Drop the images. Copy every line below character for character.

-- DATASET CONTENT follows --

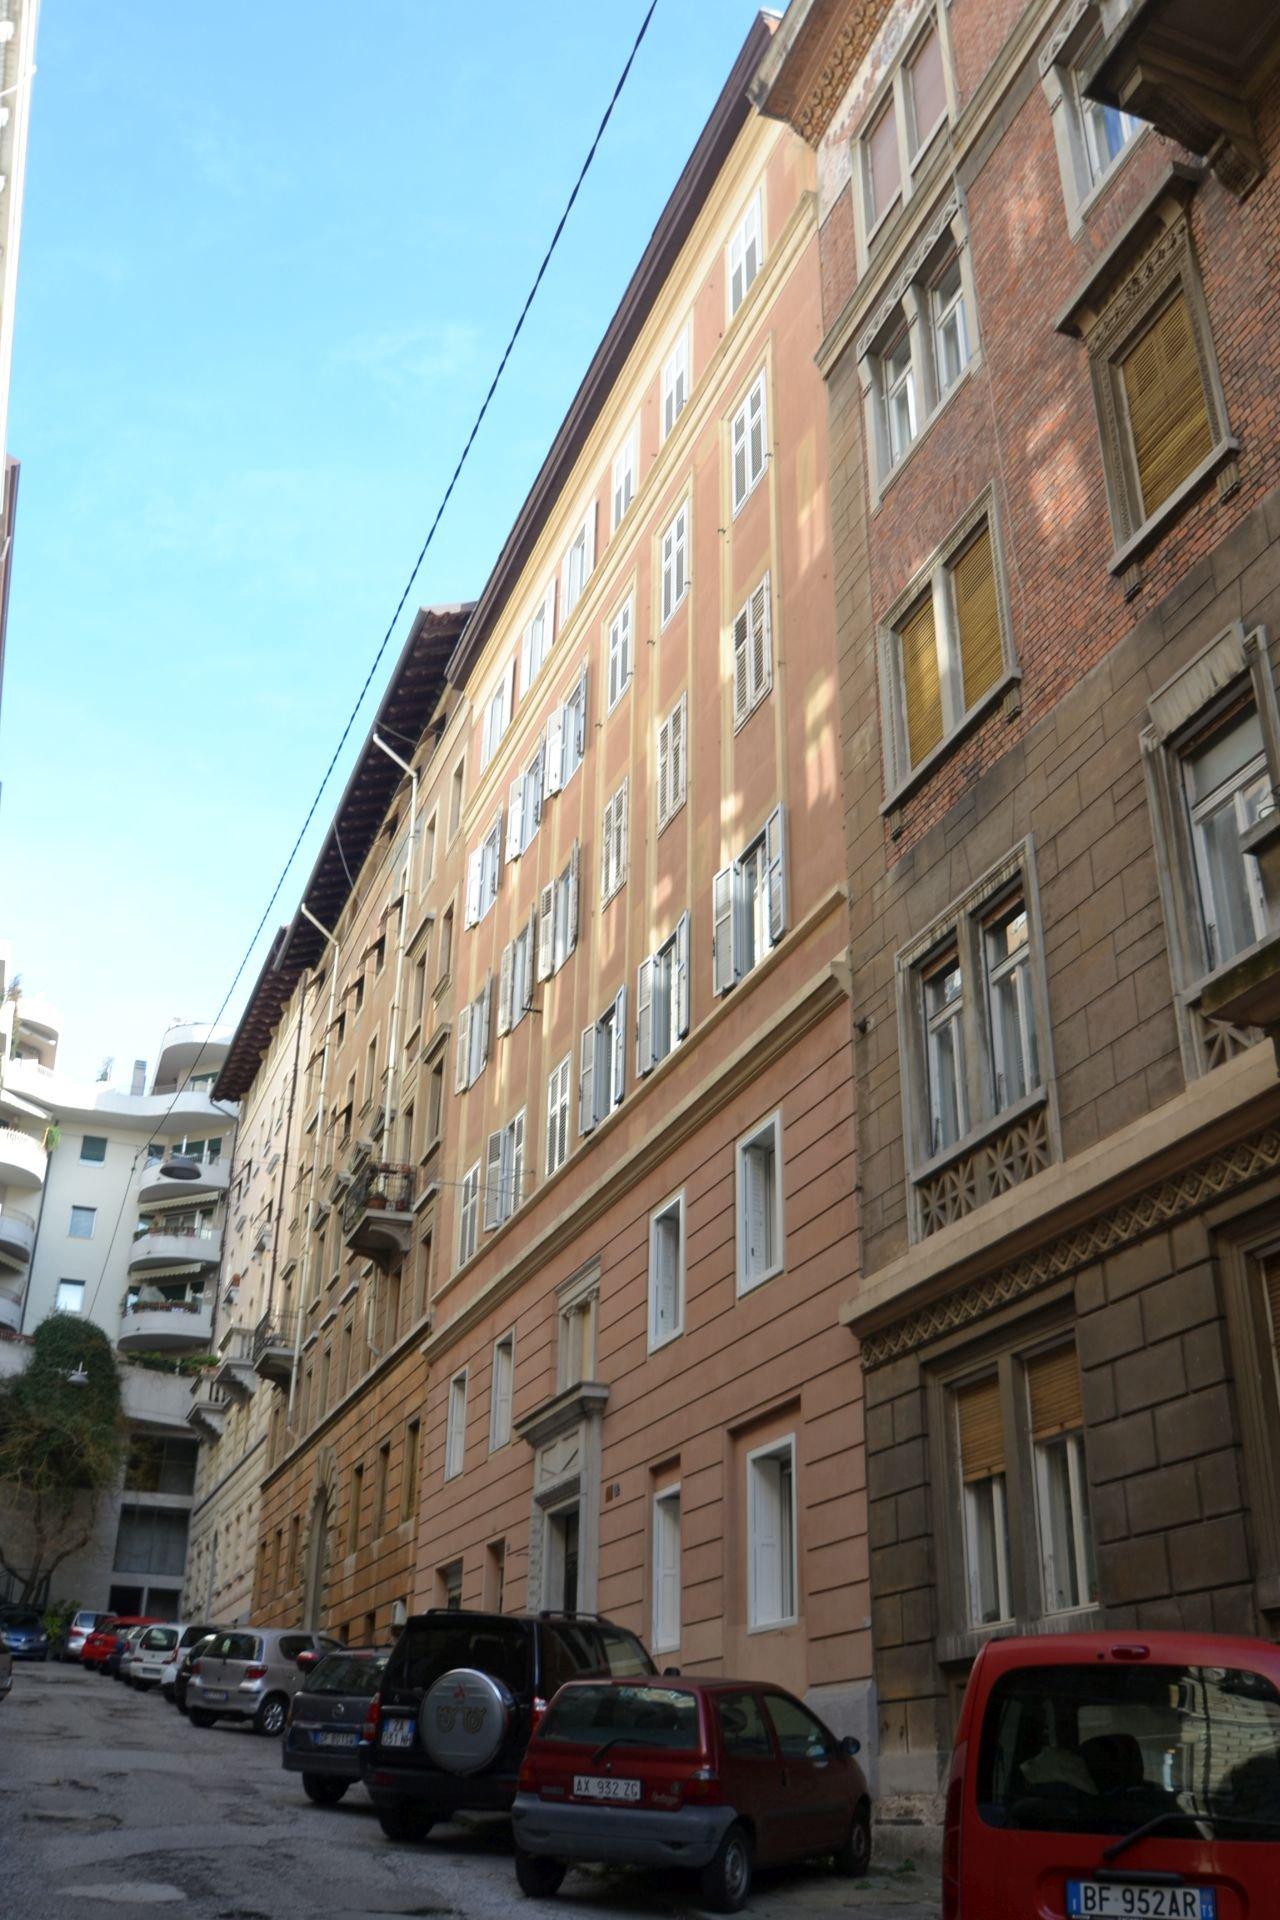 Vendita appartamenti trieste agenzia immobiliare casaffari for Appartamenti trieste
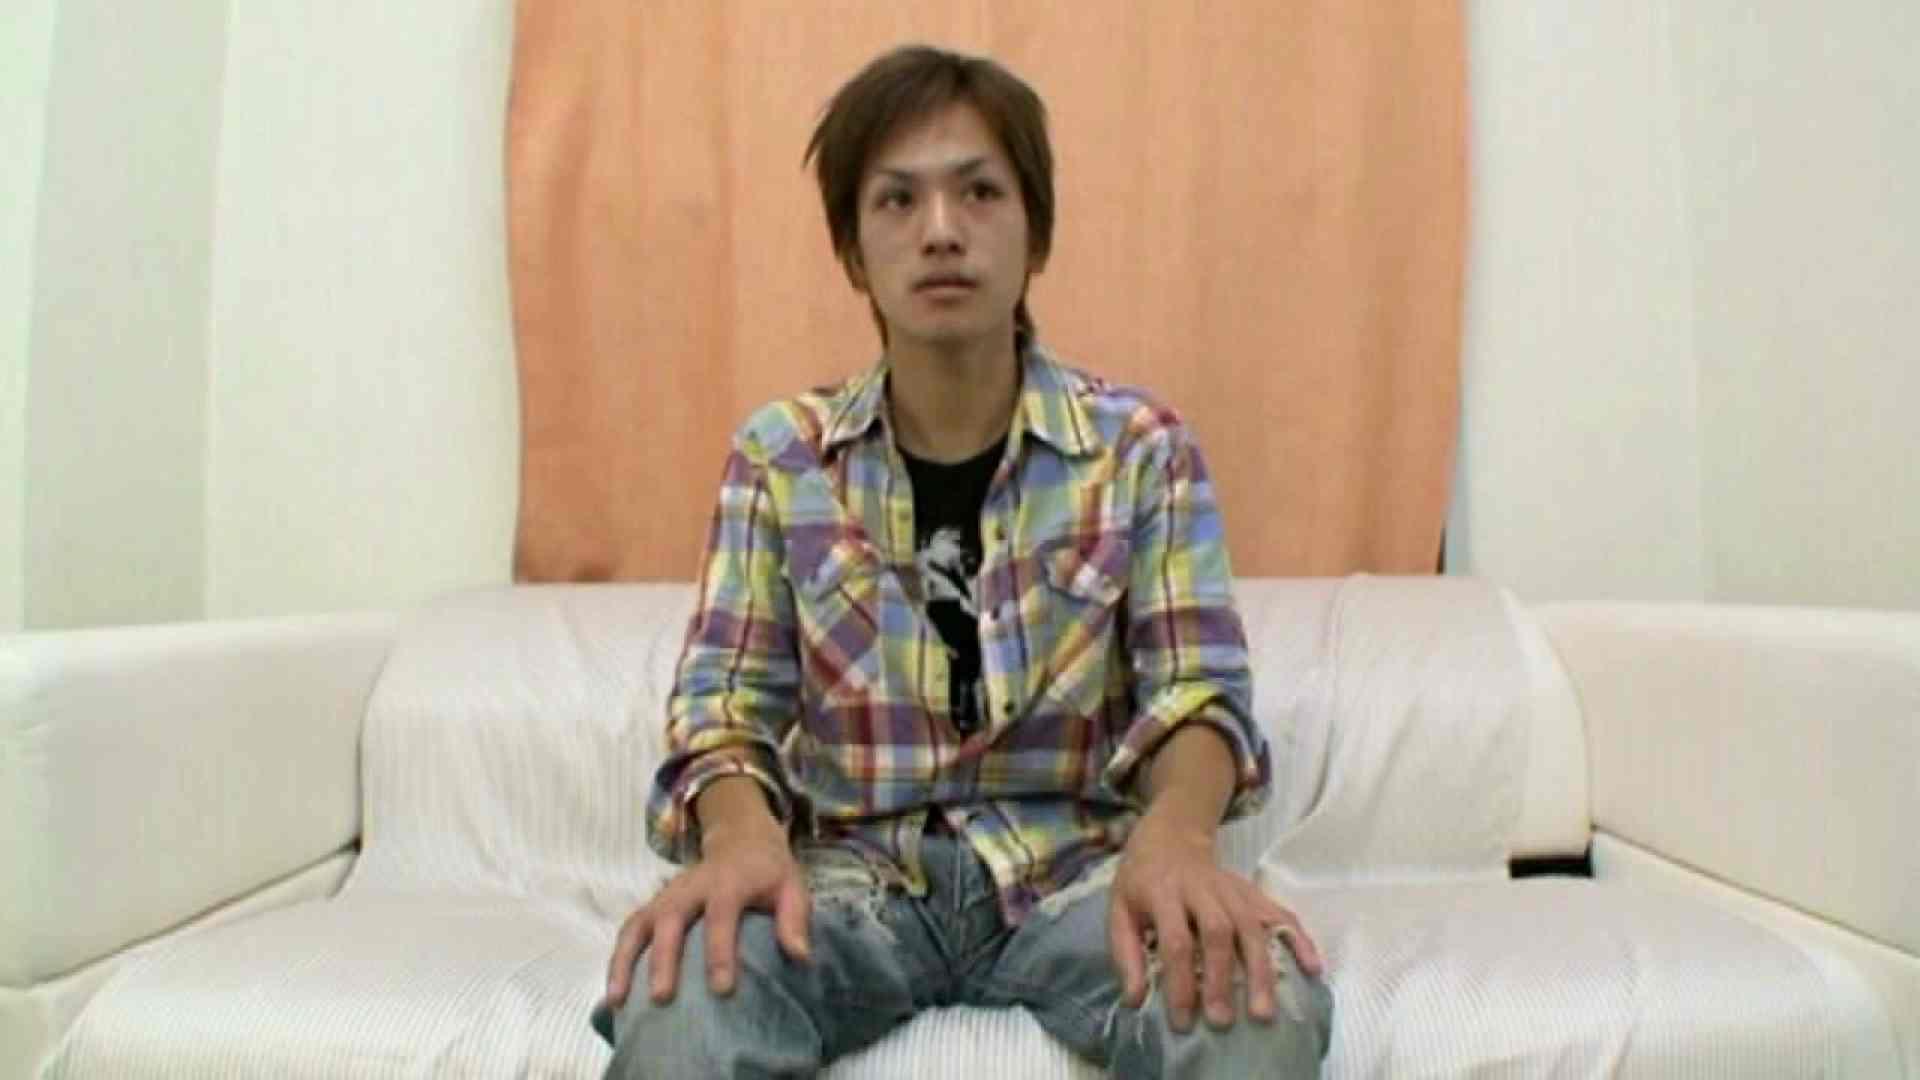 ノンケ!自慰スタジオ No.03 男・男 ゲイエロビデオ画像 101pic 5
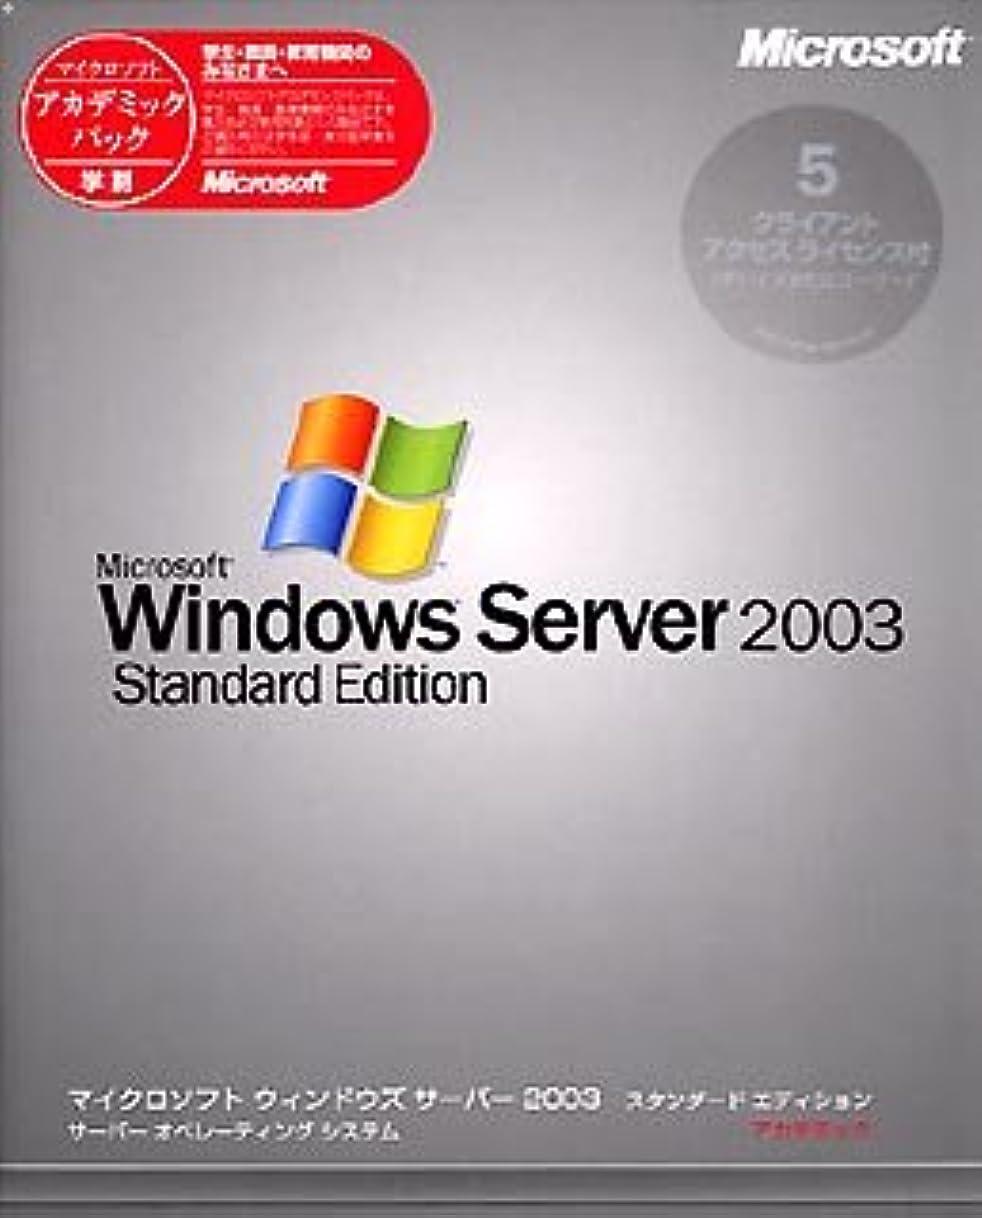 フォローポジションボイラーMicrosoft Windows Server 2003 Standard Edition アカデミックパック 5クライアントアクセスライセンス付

-- DATASET CONTENT concluded --

RESULT:
 Vendita appartamenti trieste agenzia immobiliare casaffari for Appartamenti trieste
 ノンケ!自慰スタジオ No.03 男・男 ゲイエロビデオ画像 101pic 5
 フォローポジションボイラーMicrosoft Windows Server 2003 Standard Edition アカデミックパック 5クライアントアクセスライセンス付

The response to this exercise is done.